SLR - December 2016 - Cailin Makar
Ponseti Treatment of Rigid Residual Deformity in Congenital Clubfoot After Walking Age
Reference: Dragoni M, Farsetti P, Vena G, Bellini D, Maglione P, Ippolito E. Ponseti Treatment of Rigid Residual Deformity in Congenital Clubfoot After Walking Age. J Bone Joint Surg Am. 2016 Oct 19; 98(20):1706–12.
Scientific Literature Review
Reviewed By: Cailin Makar, DPM
Residency Program: Montefiore Medical Center, Bronx, New York
Podiatric Relevance: The Ponseti method is a manipulative technique to correct congenital clubfoot without surgery. It has dramatically improved the results for clubfoot correction in infants with success rates reported from 93 to 100 percent. Nevertheless, rigid residual deformity can be observed after walking age regardless of treatment, and its management is challenging. Soft-tissue surgical techniques, osseous surgical techniques and external fixation techniques have been described with unpredictable results. While there is currently no consensus regarding the best treatment protocol, the Ponseti method is rarely recommended for rigid residual deformity. This study applied the Ponseti method to patients with rigid residual deformity of congenital clubfoot after walking age to improve outcomes of treatment.
Methods: The authors retrospectively reviewed the cases of 68 feet in 44 patients with congenital clubfoot whose mean age of treatment was 4.8 ± 1.6 years. All patients had rigid residual deformity that was resistant to prior treatment. The patients were divided into three groups based on their original treatment. Manipulations were performed under sedation for all patients, and all casts were worn for four weeks. Percutaneous plantar fasciotomies were performed in patients when fascia was still under tension after the first cast. In feet with equinus, an Achilles tenotomy or posterior release was performed. Patients more than 2.5 years of age also had a tibialis anterior tendon transfer. Patients were clinically and radiographically evaluated using the International Clubfoot Study Group Score.
Results: In this study, 33 patients were female and 11 were male at a mean age of 4.8 ±1.6 at time of treatment. Before treatment, all deformities were stiff, 12 rated as fair and 56 rated as poor. All patients had abnormal gait and difficulty in shoe gear. The residual deformities were noted to be adduction in 66 feet, cavus in 57 feet, varus in 53 feet, equinus in 33 feet and supination in 10. Patients who underwent extensive soft-tissue release or were more than six years old required a mean of 3.4 ± 0.6 casts while patients treated with conservative methods or who were less than six years old had a mean of 2.1 ± 0.4 casts, which was statistically significant. After cast treatment, six feet in patients under four years old had heel cord tenotomy, 22 had percutaneous lengthening and five had an open posterior release. Percutaneous plantar fasciotomies were performed in 30 cavus feet, and 60 feet underwent tibialis anterior tendon transfer. Six children under age three were managed with a brace for a mean of 16 months. The mean length of follow-up was 4.9 ± 1.8, and mean age at follow-up was 9.8 ± 1.8 years. Eight feet had an excellent result, 49 had a good result and 11 had a fair result. Results were noted to be significant. All children had plantigrade and flexible feet, had a normal gait and could tolerate shoes.
Conclusions: The limitations of the study are that it was retrospective in nature, the sample size was relatively small, the follow-up was relatively short and records were missing for some patients.
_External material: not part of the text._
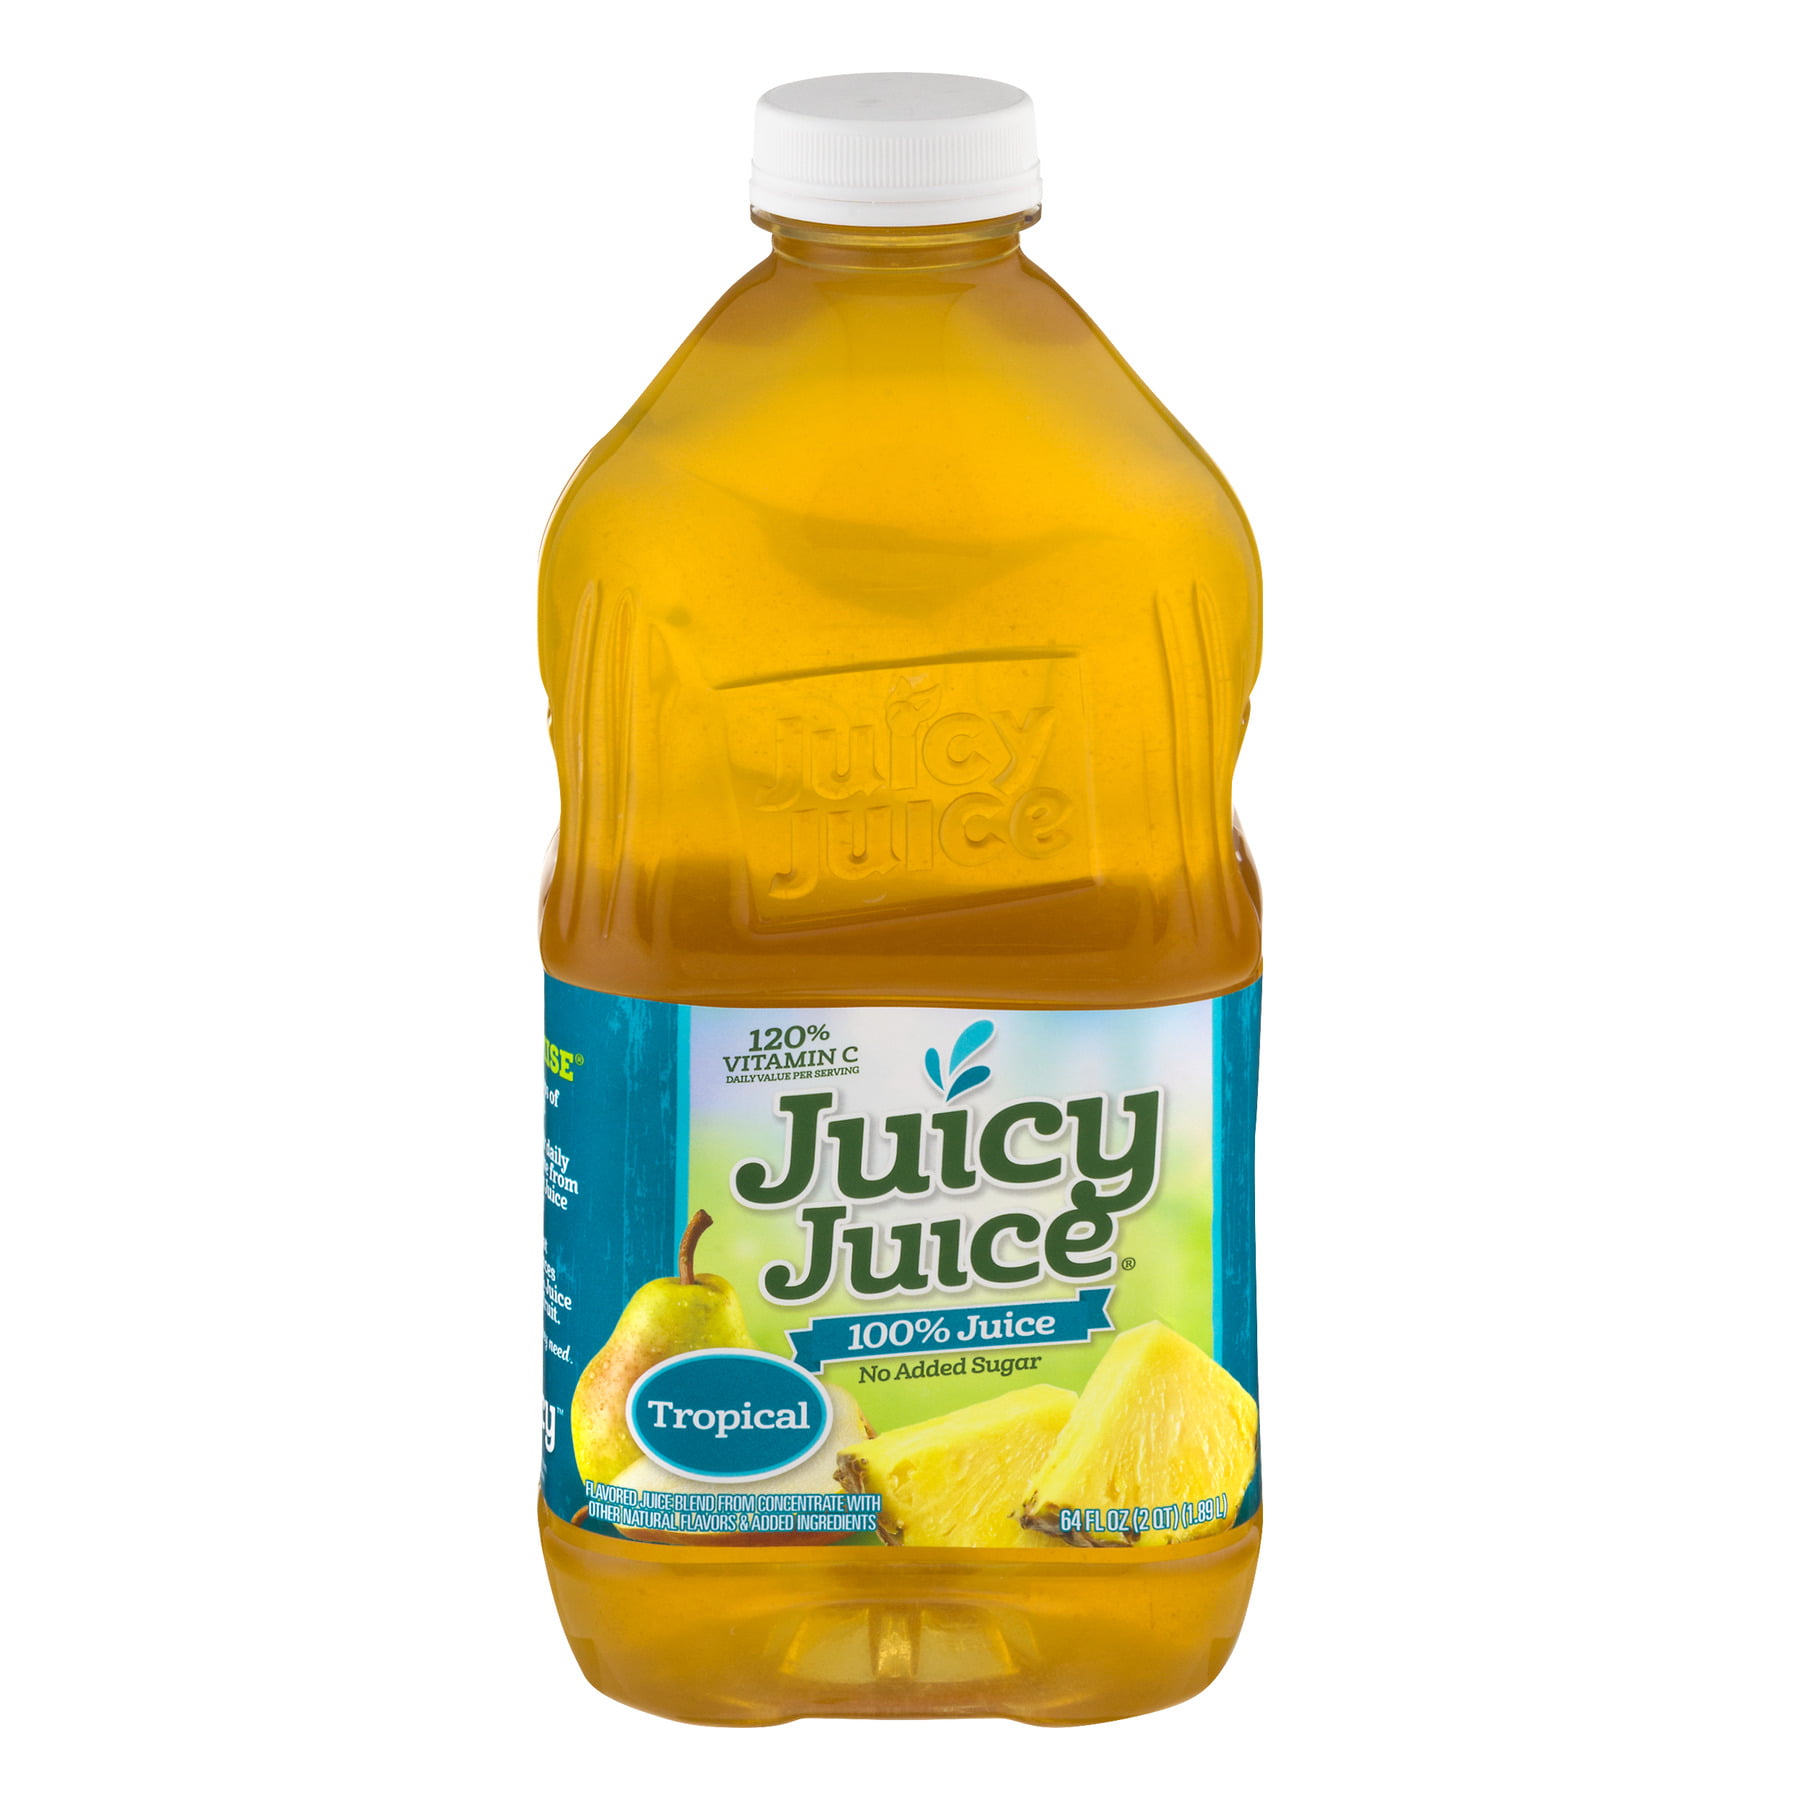 Juicy juice 25

The authors concluded that Ponseti casting plus tibialis anterior tendon transfer, which was performed in 88 percent of feet, was effective, and satisfactory results were achieved in 84 percent of the feet. Results are better than those reported for other surgical procedures, and it is an effective treatment of rigid residual congenital clubfoot deformity in children from two to eight years of age.